Old Friend Cornbread

I have spoken here before about one of my oldest and dearest friends, S.  We’ve known each other since the second grade and while we’ve traveled far and wide from each other, we have remained close.  Naturally, we’ve been cooking together since the second grade.  Back then, I was the more “experienced” cook.  These days we’re about equal (this is a lie, she is far more advanced than I, especially when it comes to healthy food.  Hey, she made me like both kale and quinoa- that’s no small feat!) and I often turn to her when I need a good, hardy, healthy recipe.

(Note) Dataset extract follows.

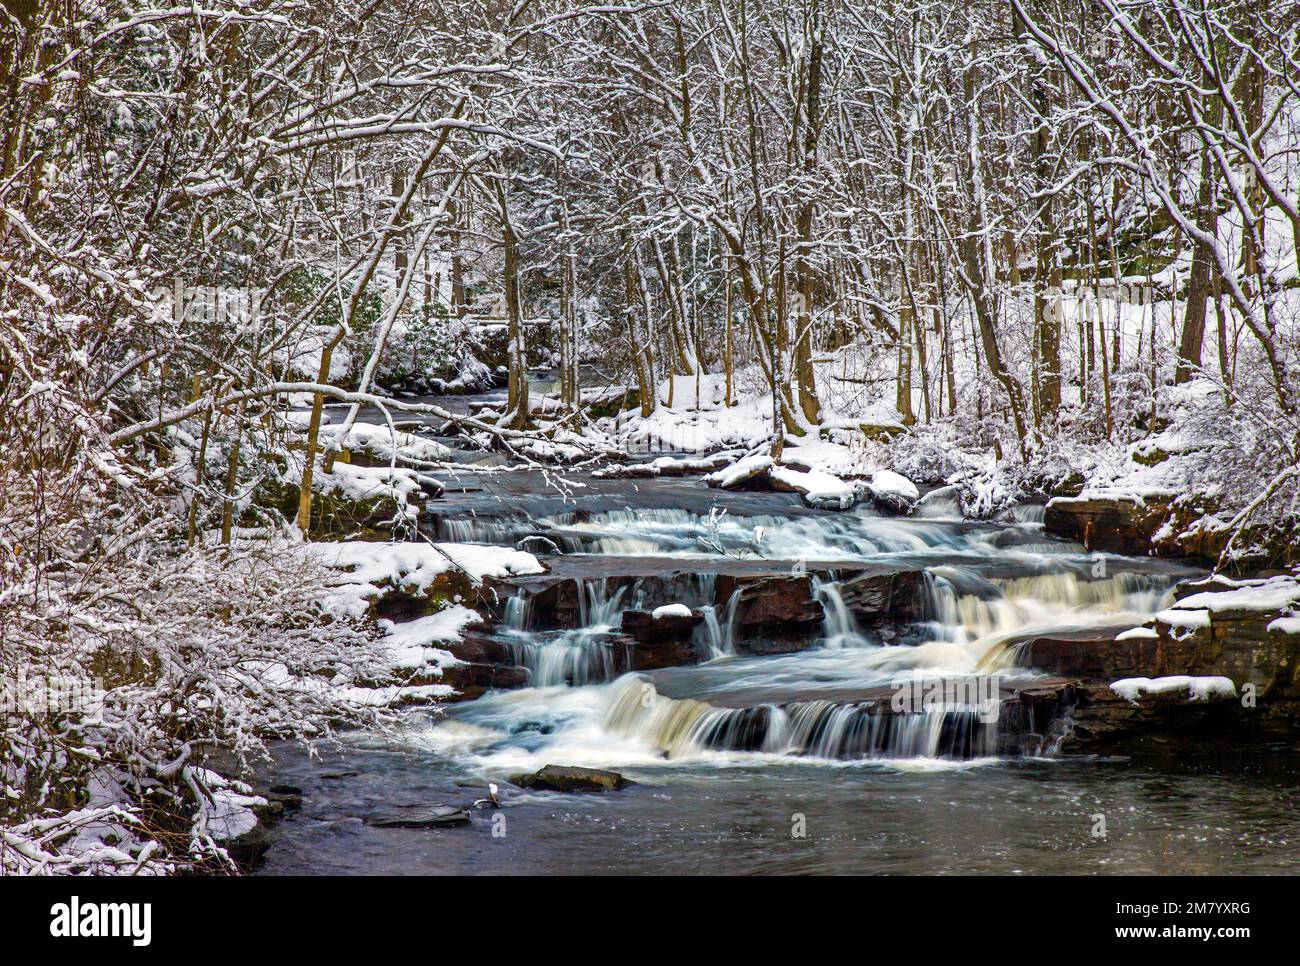 Cascades along the West Branch Wallenpaupack Creek a tributary of the Delaware River in Wayne County, Pennsylvania Stock Photo

But when we were kids we got into more than one snafu with food.  There was the time we made scallops for my mother.  Should have been easy, right?  Yeh, well, we didn’t know how long to cook them and we didn’t want to undercook them so…  rubber.  Yick.  My mom was nice about it- had a few bites and said they were great but didn’t finish.  To be fair, these days, my darling friend makes a really delicious scallop dish that’s usually eaten around Christmas, a dish that’s so good, I sometimes wake up in the middle of the night craving it. And the scallops are never overdone.

Then there was the time we were going to make cookies and S. was reading the recipe as I gathered the ingredients.  “Oh no,” she cried, “We can’t make this!”

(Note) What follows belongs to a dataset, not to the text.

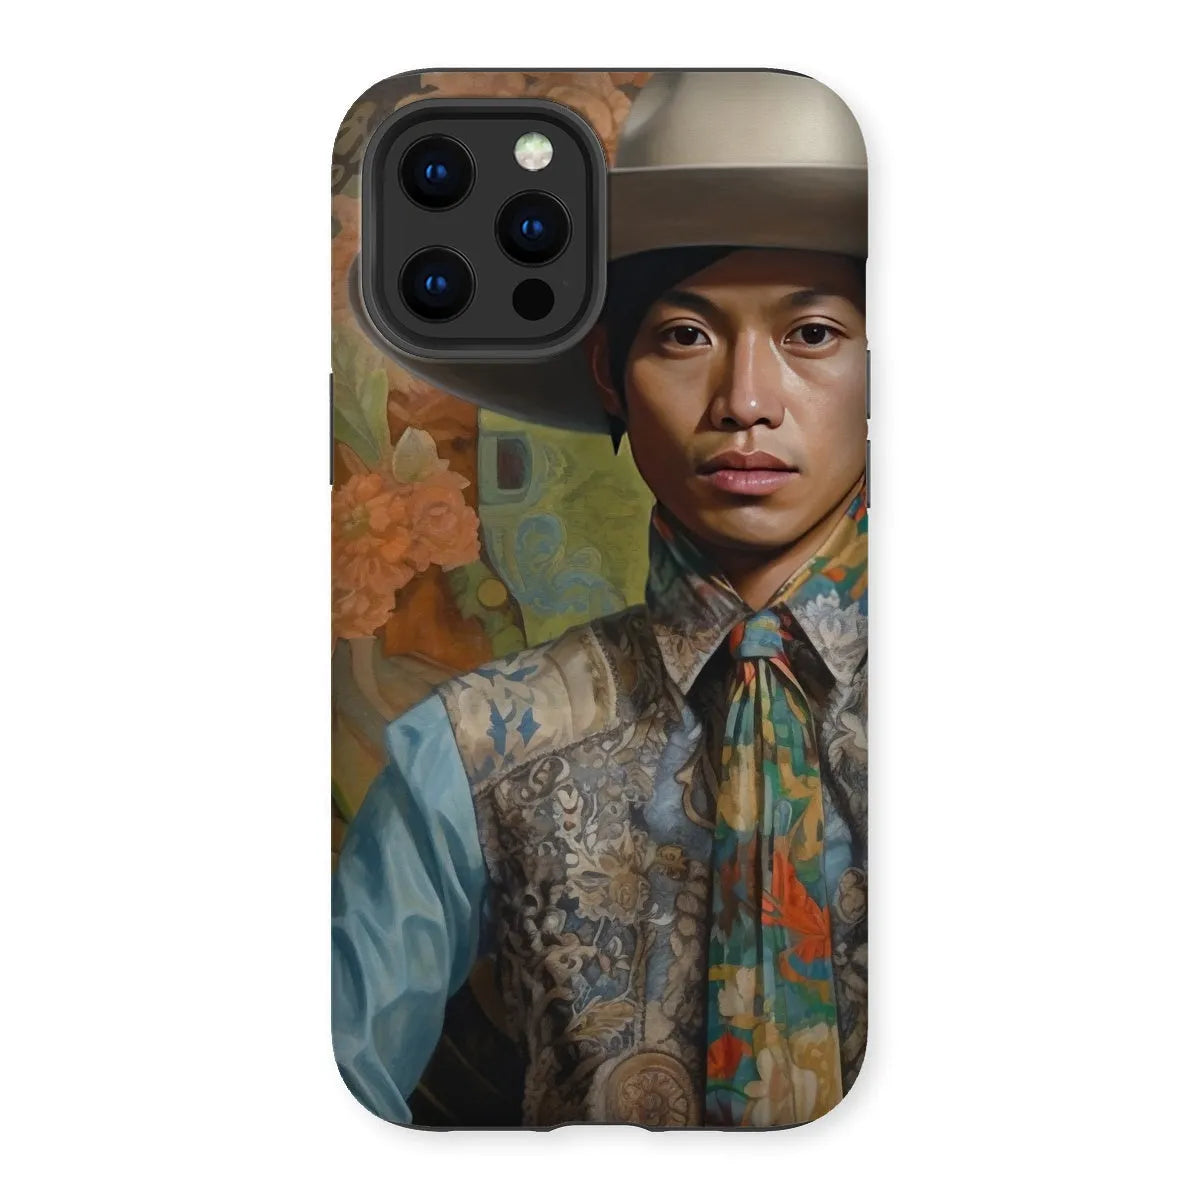 Junada The Gay Cowboy - Dandy Gay Aesthetic Art Phone Case - Iphone 12 Pro Max / Matte - Mobile Phone Cases - Aesthetic

“Why not?” I asked, running through the ingredient list, thinking we had everything we needed- butter, sugar, flour, eggs, vanilla…

“It says, ‘cream the butter and sugar’ and we don’t have any cream!”

I burst out laughing, rather unkindly, and explained to her that the recipe meant for us to mix the butter and sugar well, not to actually add cream.

The joke’s on me these days because she can make some kick-ass cookies (she’s not always healthy).

The other wonderful thing about my friendship with S. is that we’re always in sync.  We’ll often email/call/text the other when she’s thinking of us- it’s that weird ESP-telepathy thing that women develop between themselves when they’re close.  Often when one of us is struggling with a particular situation, the other one is going through something similar.  And sometimes it’s just funny.  S. taught me how to make this cornbread once when I was visiting.  It was delicious and I make it often.  Last year I made it for the first time in a while and after I got it in the oven, I sat down to check my email.  One came in while I was checking, from S, asking me if I could send her the recipe since she was at her cousin’s house and wanted to make it.  See?  Telepathy!

Old  Friend Cornbread

I’ve never, ever been able to make cornbread.  Which has always made me feel a bit dumb—I can make Beef Wellington, cook for 200 with ease and improvise with the best of them but something as simple as cornbread eluded me.  Luckily, S saved me.  The following recipe is delicious and I’ve been able to emulate it many times.  Of course, the first few times I made it, it was awful because I was using baking soda instead of powder.  See?  The cornbread gods hate me.  Luckily, S corrected me and once again saved my cornbread from disaster.

This recipe makes an extremely large pan of cornbread- lasagna sized pan.  I tend to halve it and make an 8 inch square size since that’s a more reasonable amount of cornbread for us.  If you’re serving many (when the whole S family is together it’s something like 11 people, minimum), go ahead and make the full recipe I’m giving you here.


4 c. flour

2 c. yellow cornmeal

1 ½ c. white sugar (although we’ve used brown as well and it’s been delicious)

1 tsp. salt

2 tb baking powder

4 eggs

3 c. buttermilk

2 ½ tb vegetable oil

½ c. butter, melted



Preheat oven to 350 degrees.  Sift your flour, cornmeal, sugar, salt and baking powder.  You know me, lazy, so I whisk them together rather than sift.

Stir in the eggs, buttermilk and oil.  I used a whisk but a spoon might actually work better- I switched halfway through.

As you stir, it will come together but be a bit rough and sort of sticky and dry-ish.

At this point, add the melted butter and mix to combine.  It will smooth out and moisten the batter.

Pour into a greased pan and bake for about 30-40 minutes (for 8 inch pan), about an hour to an hour fifteen for a larger pan.

It’s done when the top is sort of crackly and a toothpick inserted in the middle comes out clean.

2 thoughts on “Old Friend Cornbread

  1. wonderful! BUT – you need to branch out to other cornbreads – the original varieties – which were almost always cooked in a cast ion skillet in the oven. You make that batter, heat some oil in your frying pan, and pour the batter into the sizzling oil and bake. . .it doesn’t get a whole lot better than that1 I also make a corn batter-bread – which is a bit softer and less crumbly, but cooked in the same way.

    Sorry I have been away. i’m trying to make my regular rounds again.

  2. Hi Paula! I have had the other kinds but am sticking with this one as it is for me foolproof. Plus, can you believe that I don’t own an iron skillet?!